In year X, half of those pitchers will pitch “badly” and have an ERA above 4.50 and half will pitch well with an ERA below 4.50. Since we are specifying that whenever they pitch, their true ERA’s are 4.50, the bad and good pitching is, be definition, bad and good pitching luck. Presumably, the pitchers having good luck will get more playing time and the ones having bad luck will get less playing time. The good luck pitchers may average an ERA of 4.00 and the bad luck ones, 5.00. What happens next year?
In year X+1, all the pitchers will average 4.50 ERA of course and the fluctuations (luck) will be randomly distributed among the pitchers and within the two groups that were lucky or unlucky last year. The previously lucky group will average 4.50 in year X+1 and so will the unlucky group.
So, the data will look something like this:
Year X ERA/IP Year X+1 ERA/IP
5.00/60 (100 pitchers) 4.50/75 (same 100 pitchers)
4.00/90 (100 pitchers) 4.50/75 (same 100 pitchers)
In reality the numbers would be more like this, since not all pitchers are true 4.50 pitchers of course.
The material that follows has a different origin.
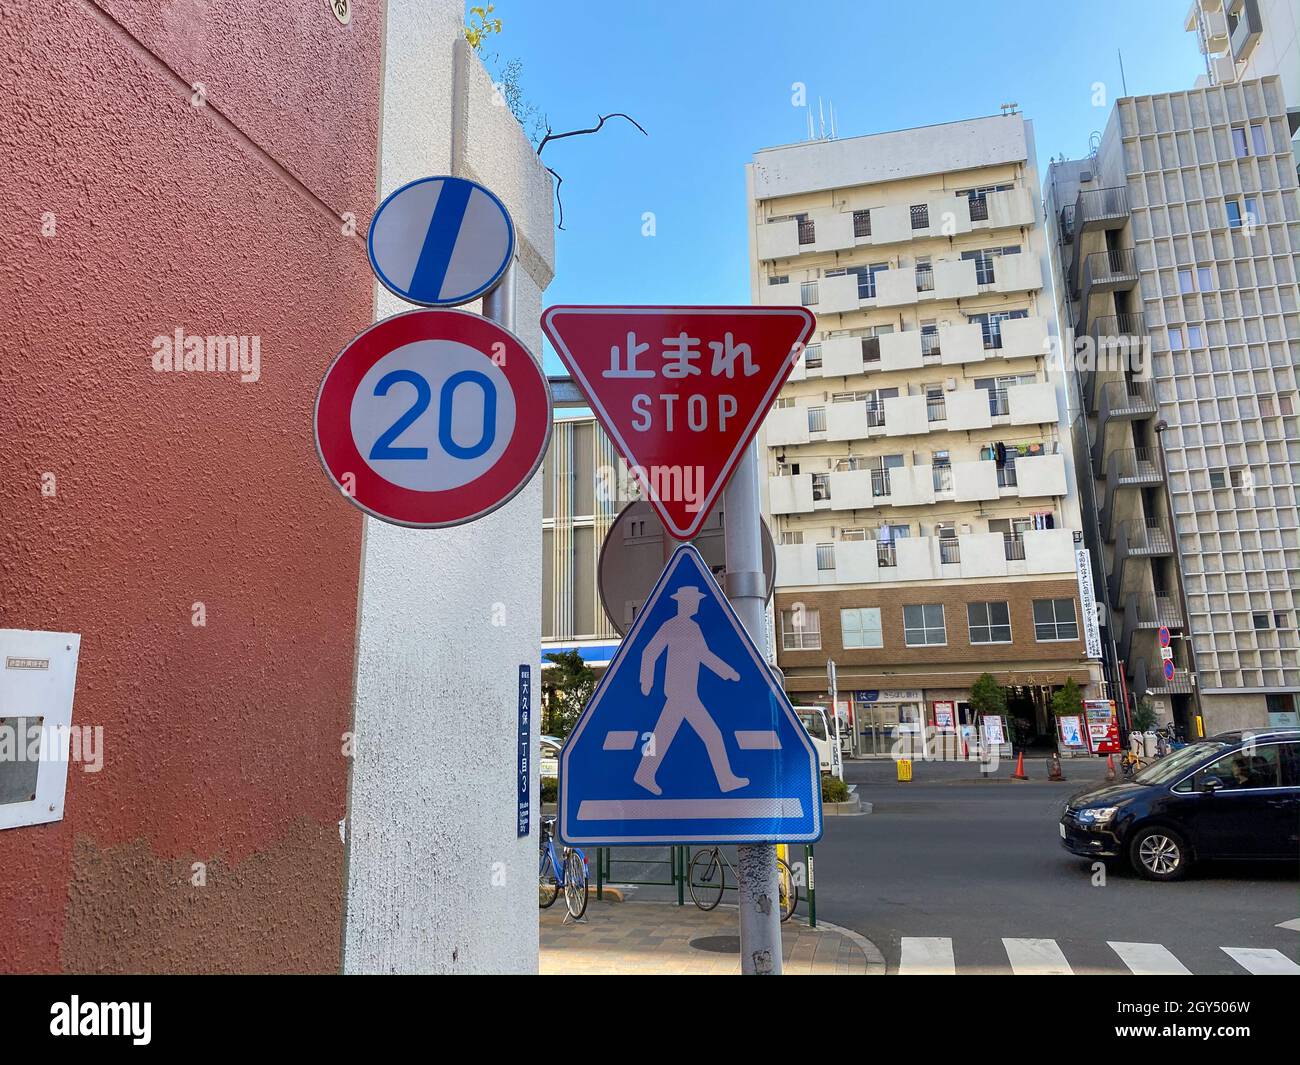 Tokyo, Japan - 21 November 2019: Japanese traffic sign. Stop is written in Japanese. Stock Photo

But the results are still the same.
Year X ERA/IP Year X+1 ERA/IP
5.50/60 (100 pitchers) 5.00/75 (same 100 pitchers)
3.50/90 (100 pitchers) 4.00/75 (same 100 pitchers)
(The pitchers who pitched badly in year X are indeed worse pitchers who also got unlucky and the ones who pitched well in year X are better pitchers who also got lucky.)
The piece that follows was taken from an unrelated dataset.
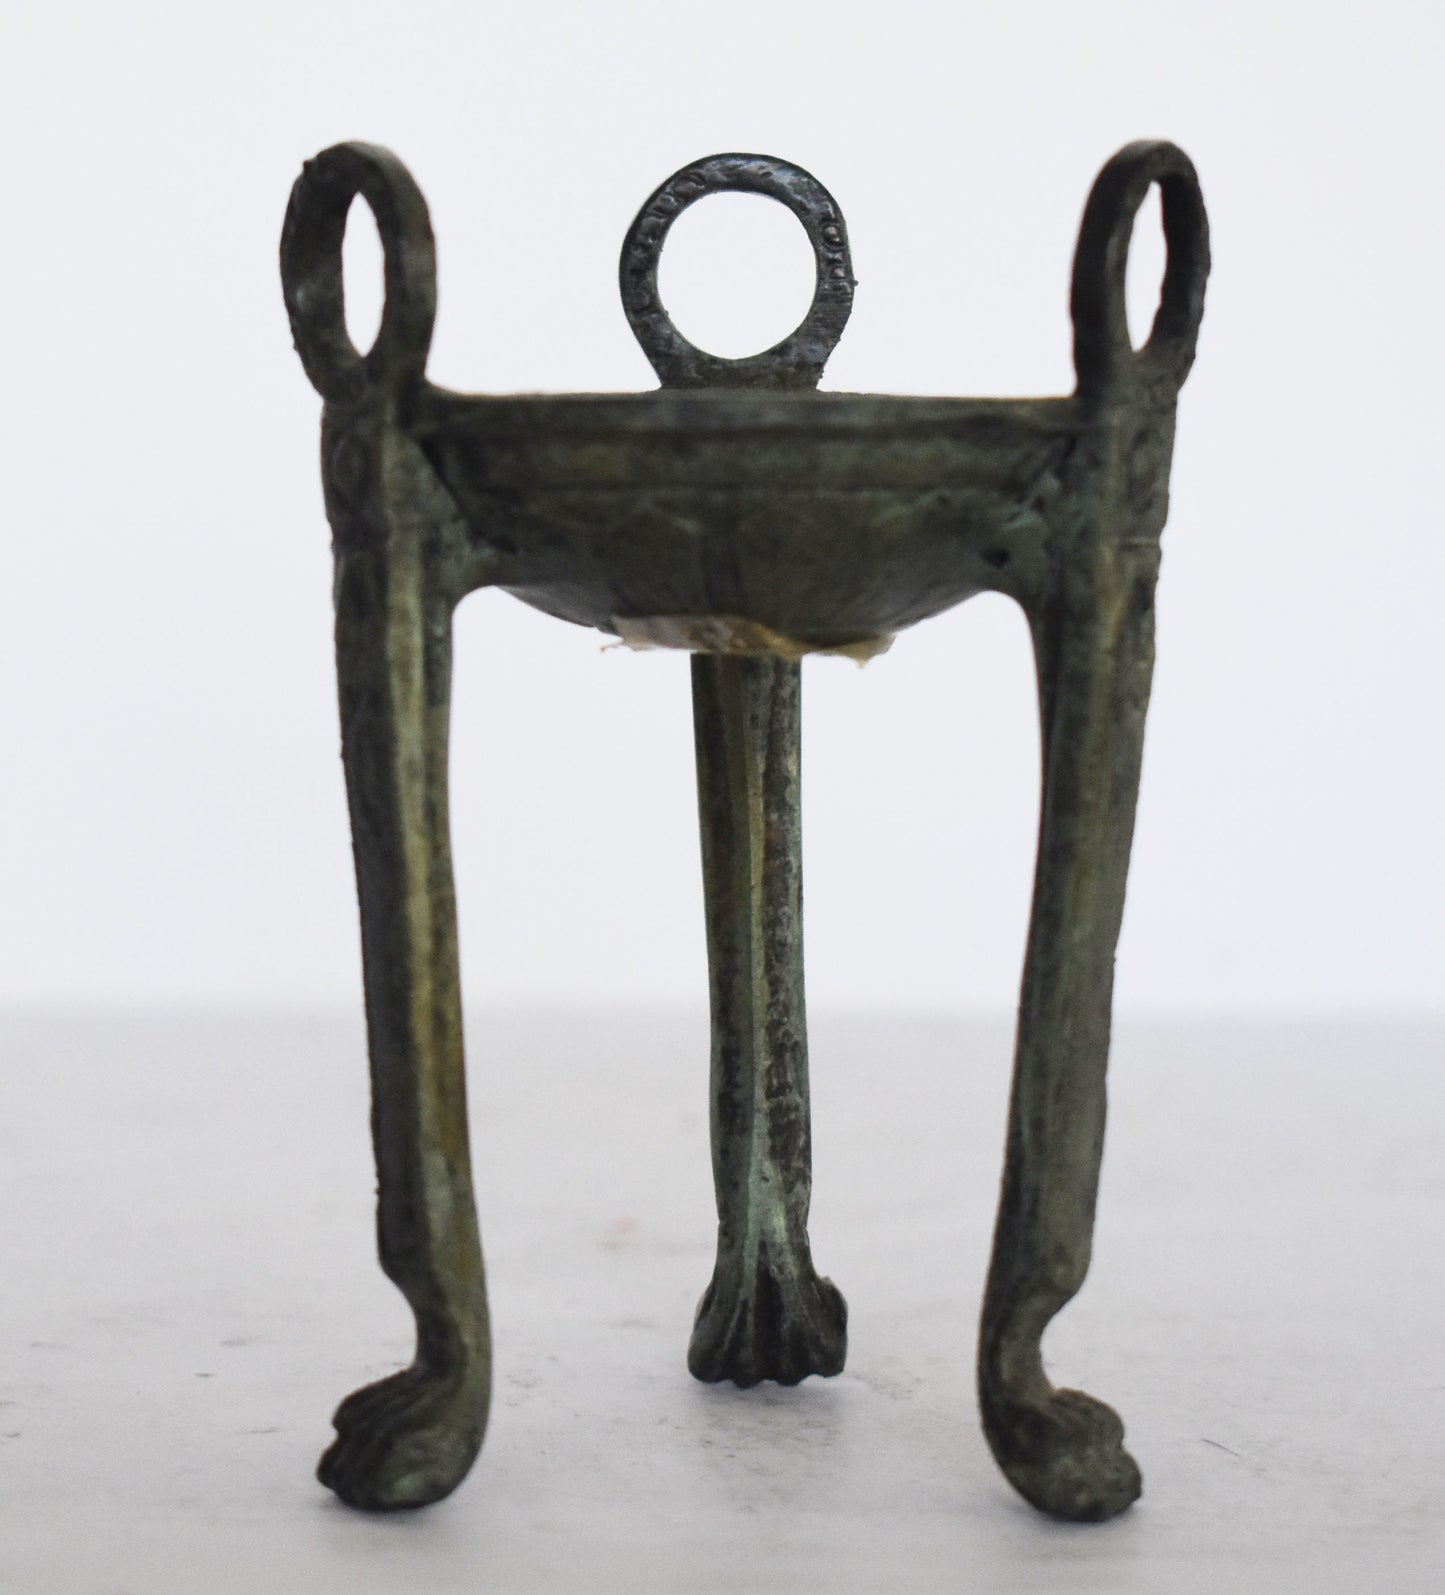 Ancient Greek Tripod - Delphi Winner Prize - Small - Pure Bronze Artifact

(Numbers for illustration purposes only.)
This is EXACTLY what happens every year in baseball. Not as simplified as that, but pretty much the same, more or less. To the unenlightened eye, it looks like pitchers who pitch more innings will get a lot worse and pitchers who pitch fewer innings will get much better, but that is an illusion because of selective sampling and regression toward the mean.
It is like the A/F fighter pilots in training. The pilots who did badly on a mission were scolded and the ones who did well were praised. The next mission, the pilots who did badly the first time, did a lot better and the ones who did well, did worse. The A/F brass concluded that scolding was better than praising as a training style. Of course, the subsequent results had little to do with the training method, but was simply regression toward the mean. (If I got that story a little wrong, I apologize, as it is from memory.)